▸ **What this task involves**: Return each line below exactly as it reads, and omit any image in it.

** The data follows **

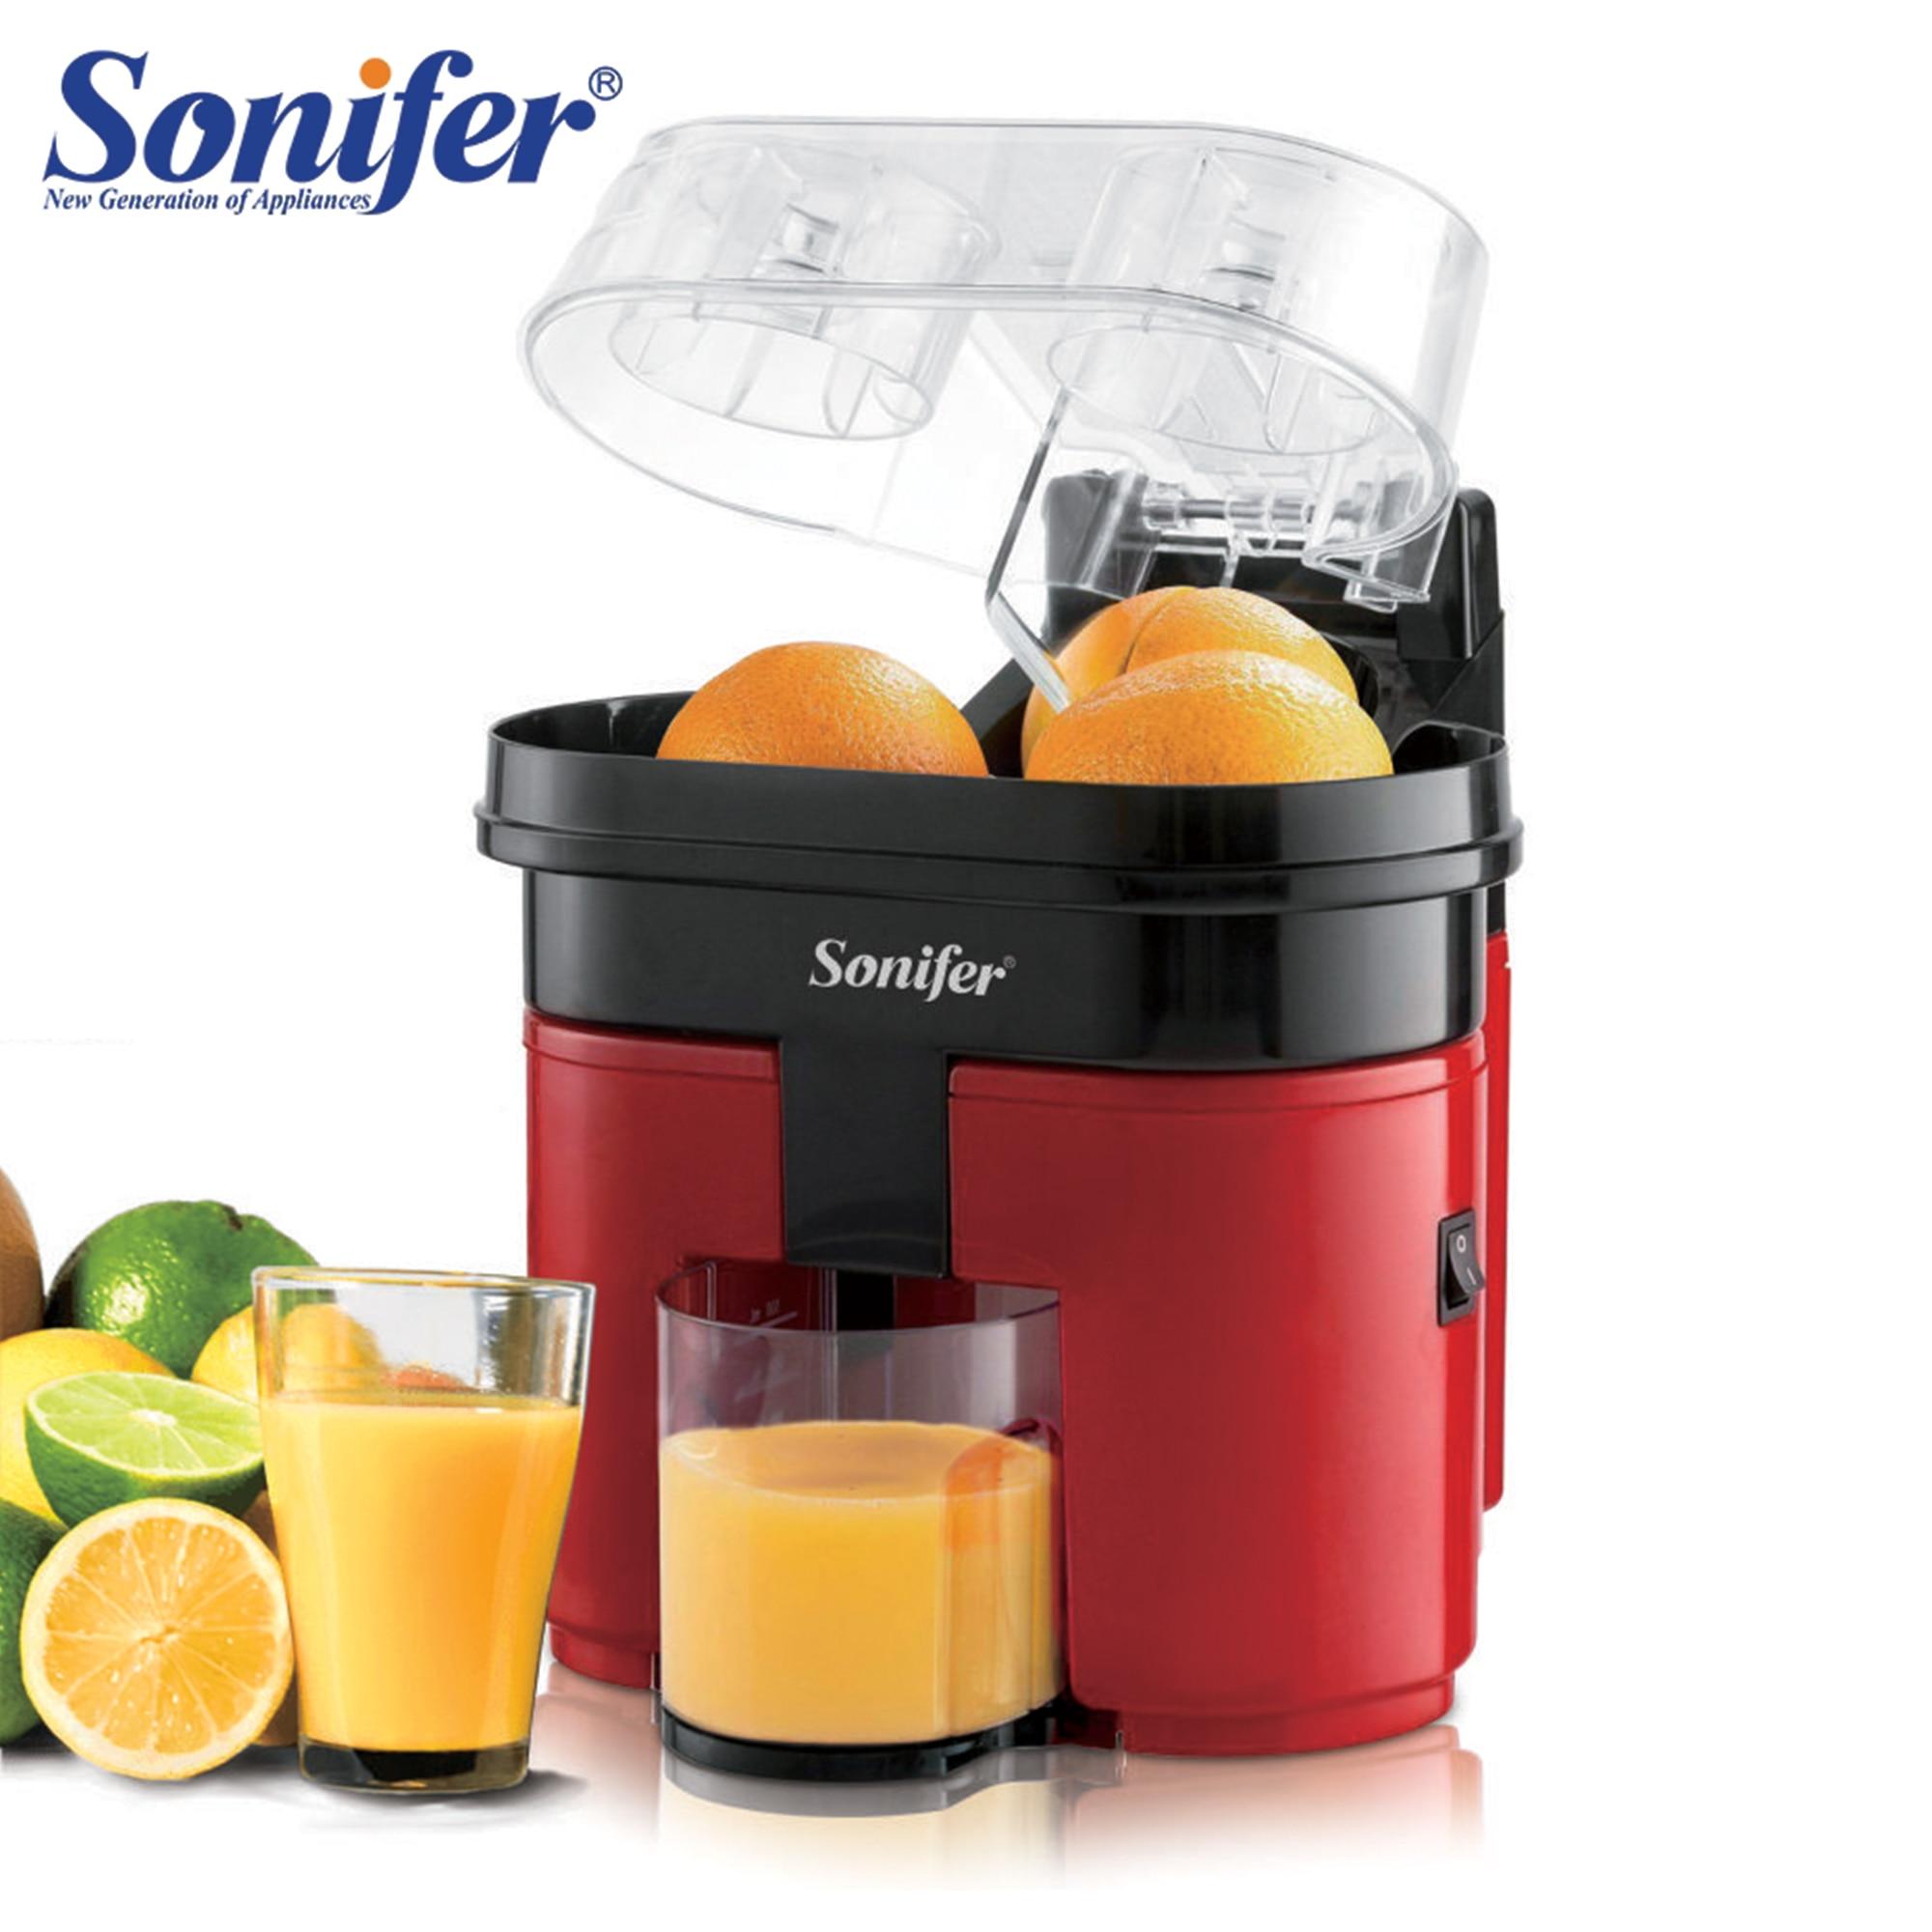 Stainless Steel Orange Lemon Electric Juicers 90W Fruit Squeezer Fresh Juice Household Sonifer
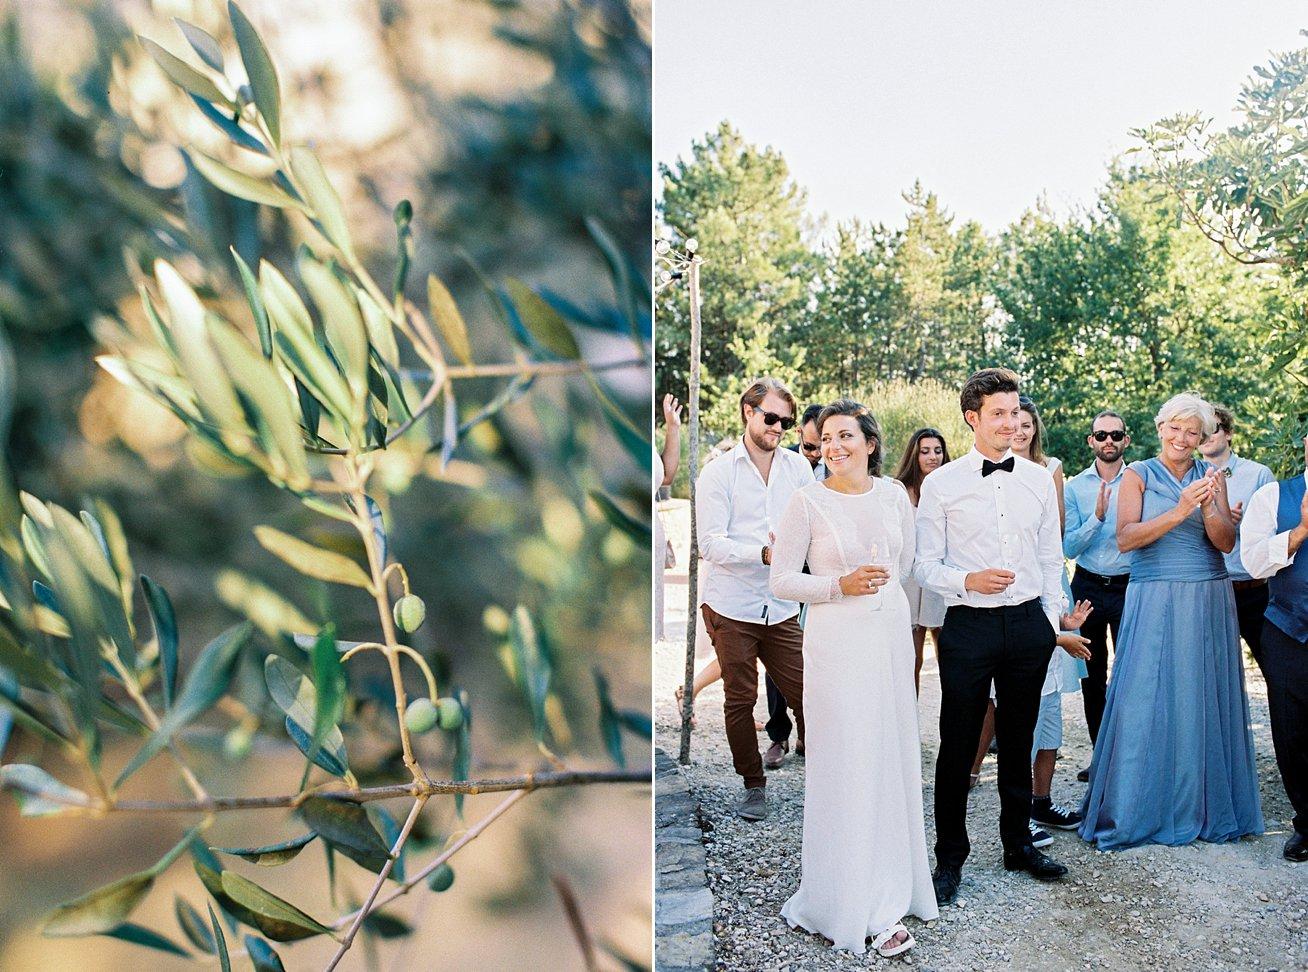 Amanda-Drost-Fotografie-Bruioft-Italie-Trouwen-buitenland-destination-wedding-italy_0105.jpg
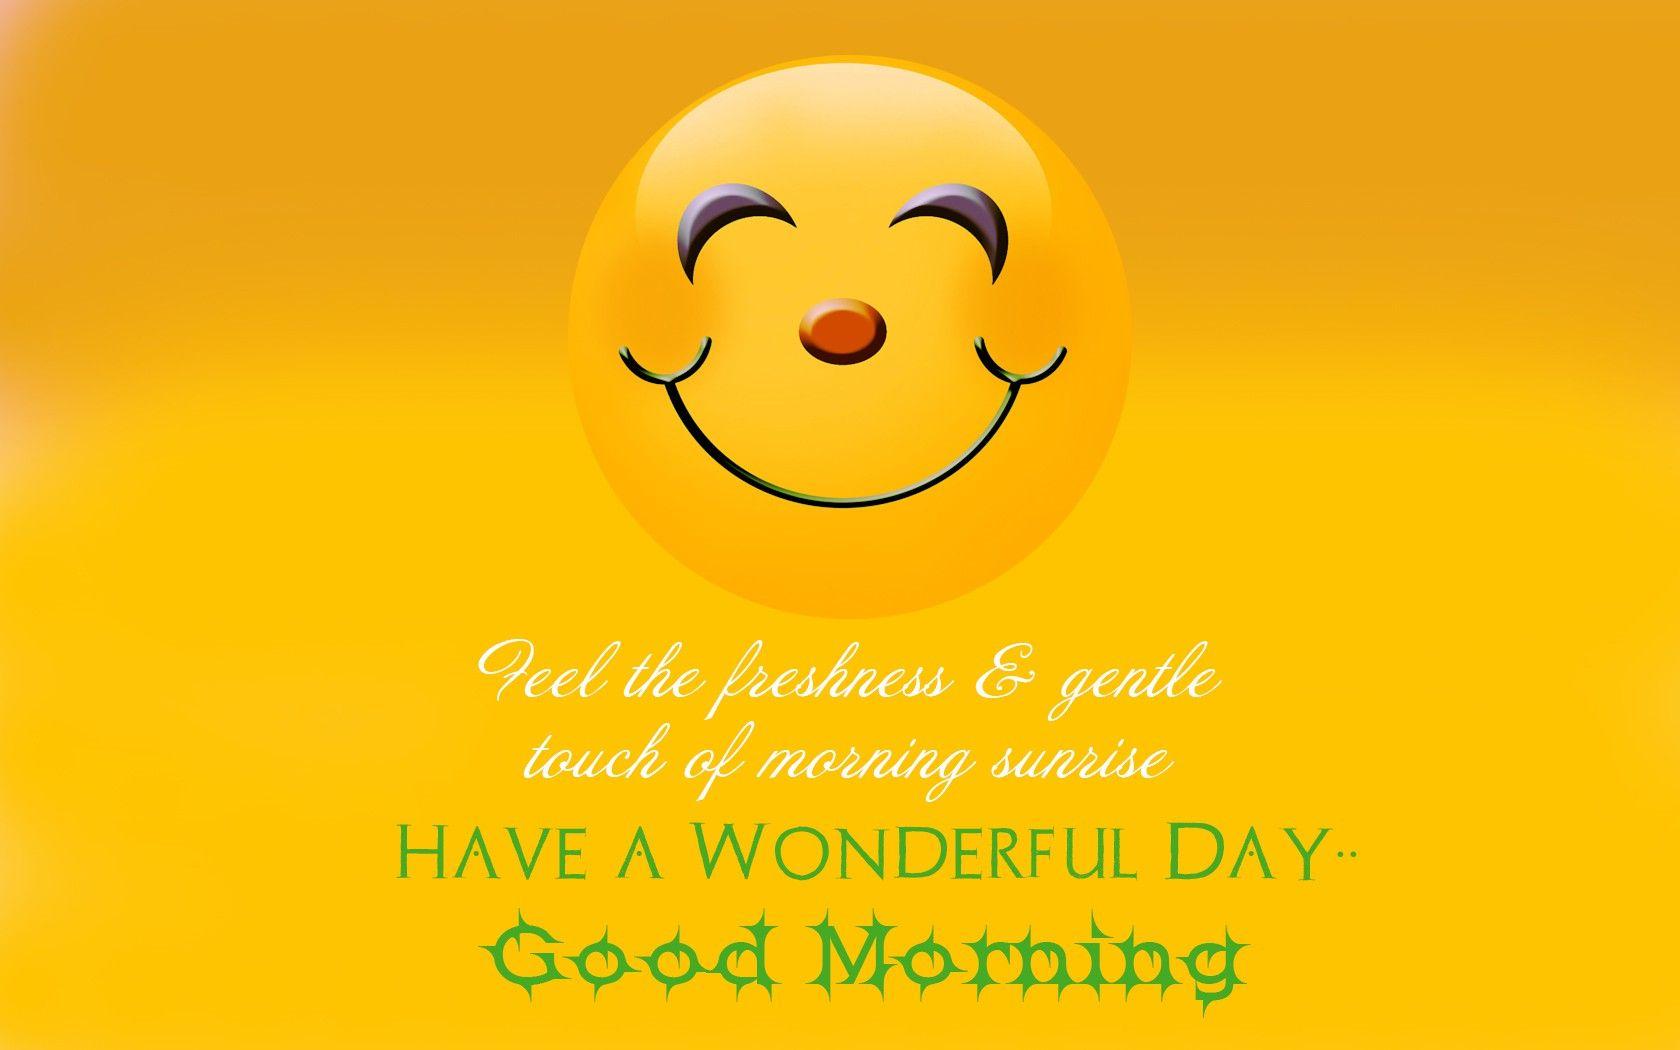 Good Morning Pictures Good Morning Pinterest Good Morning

** End of The data **

▸ **Solution to the exercise**:
 Stainless Steel Orange Lemon Electric Juicers 90W Fruit Squeezer Fresh Juice Household Sonifer
 Amanda-Drost-Fotografie-Bruioft-Italie-Trouwen-buitenland-destination-wedding-italy_0105.jpg
 Good Morning Pictures Good Morning Pinterest Good Morning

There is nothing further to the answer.